== TASK GOAL ==
Beneath this line sits some data. Return only its lines from the one holding "Fabric sample Divina 3 984 green" through the one holding "2 мая 1945 года взятие берлина фото", inclusive, exactly, with the images removed.

== INPUT DATA ==

++++++++++

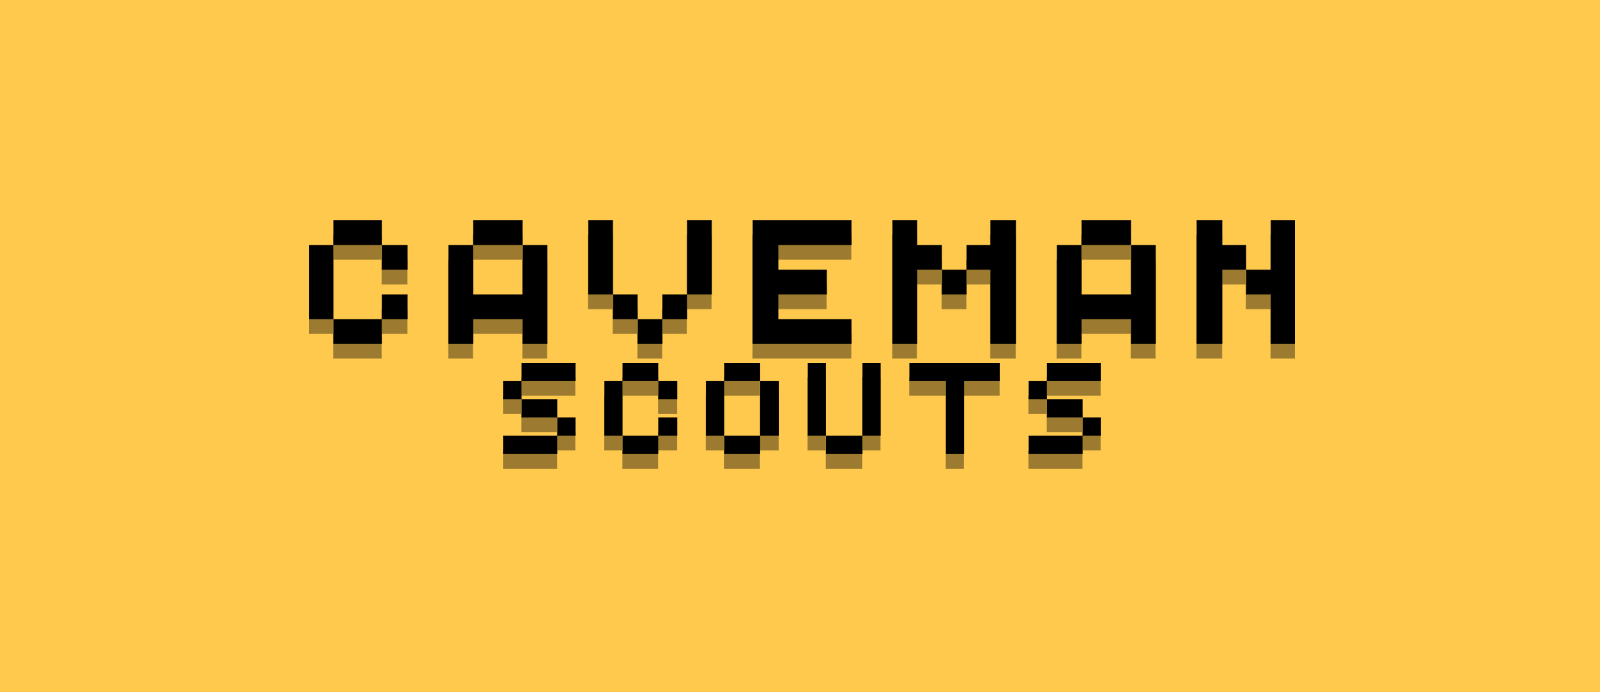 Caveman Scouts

++++++++++

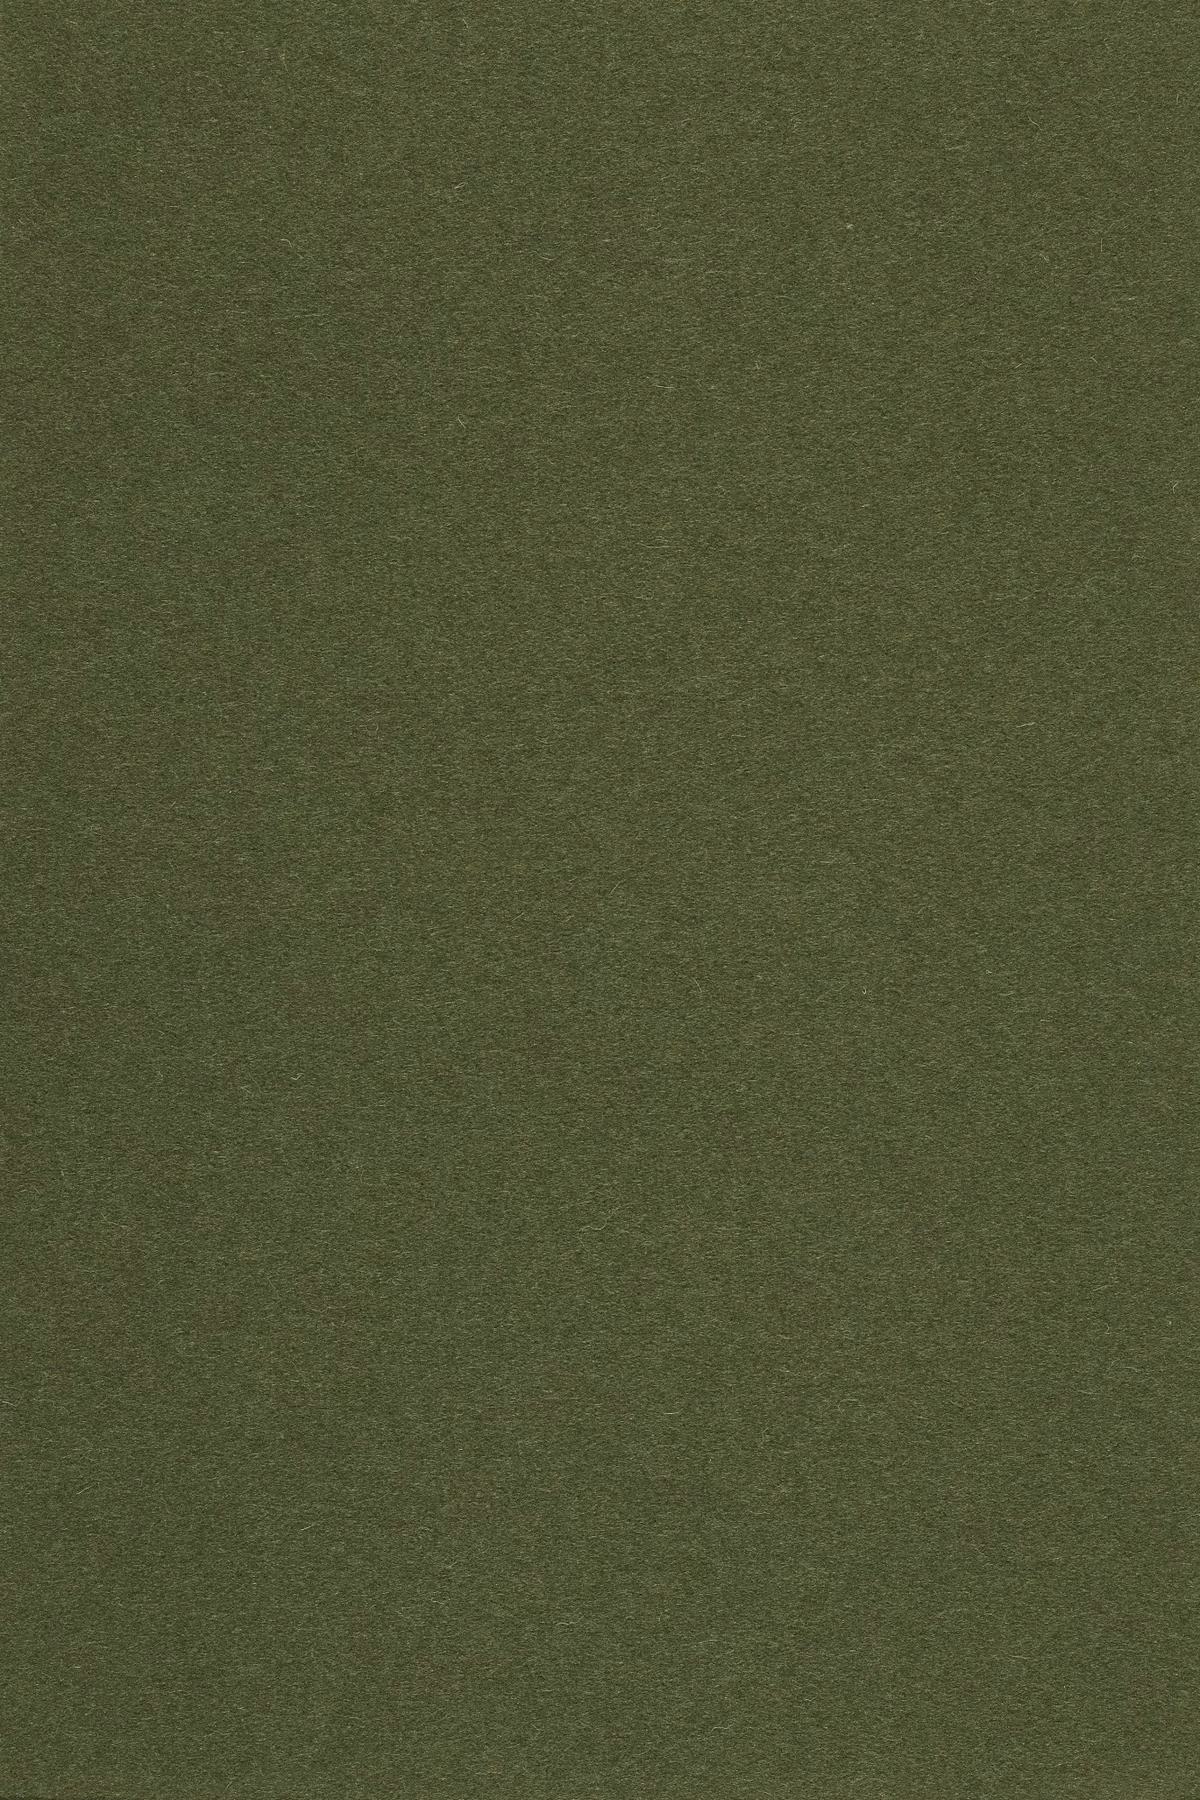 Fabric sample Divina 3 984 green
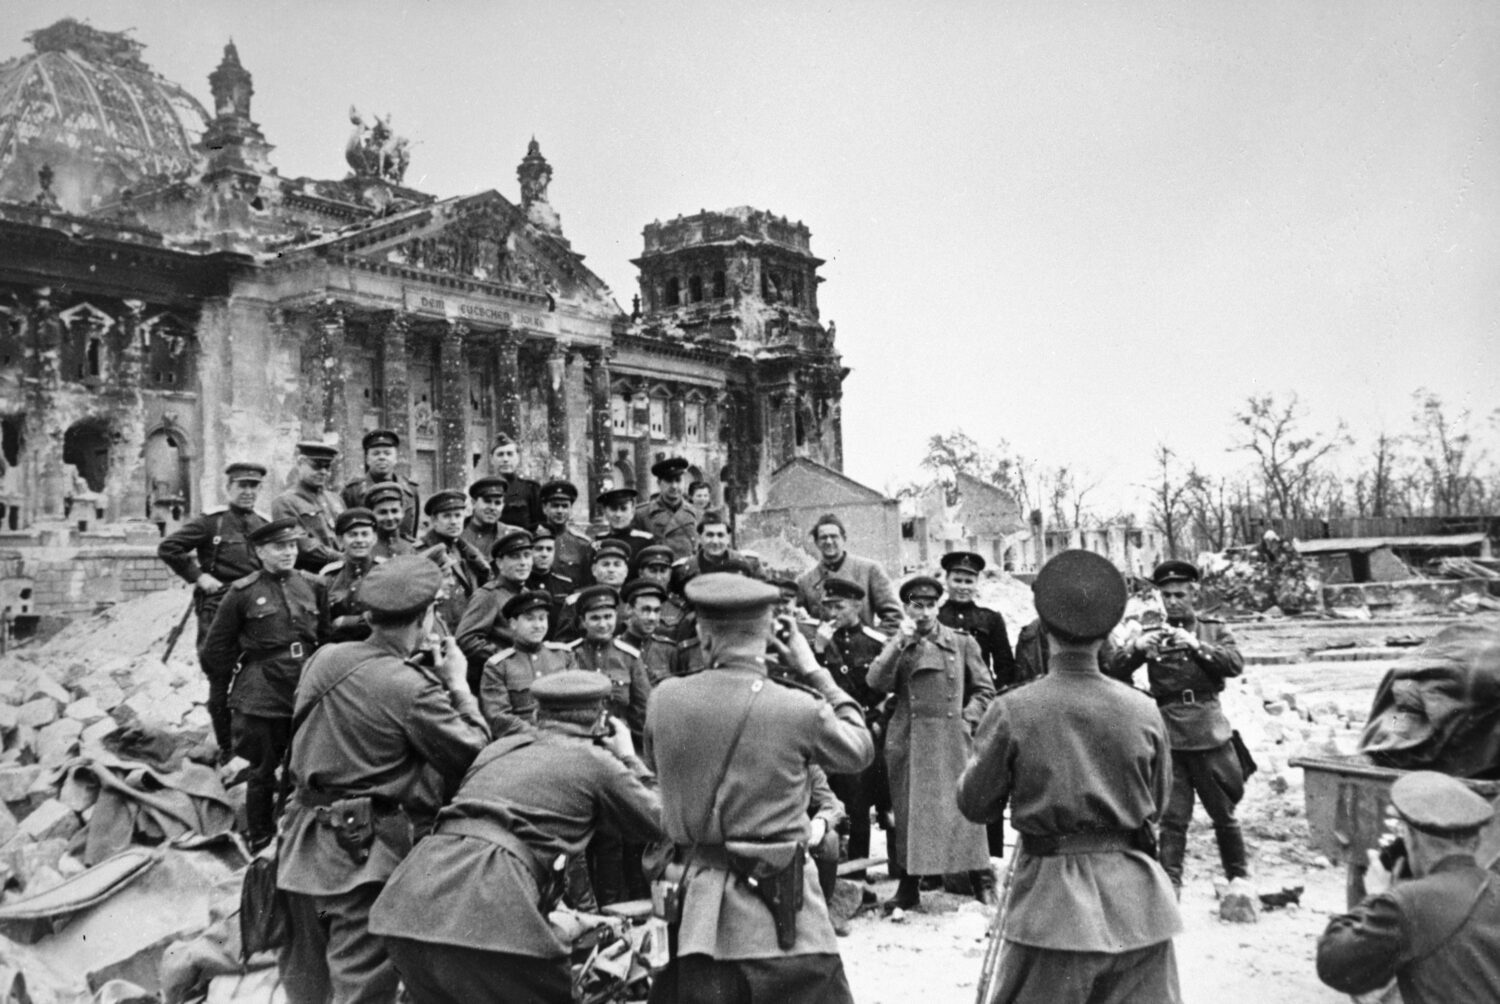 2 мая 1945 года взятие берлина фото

++++++++++

== THE COMPLETED TASK ==
 Fabric sample Divina 3 984 green
 2 мая 1945 года взятие берлина фото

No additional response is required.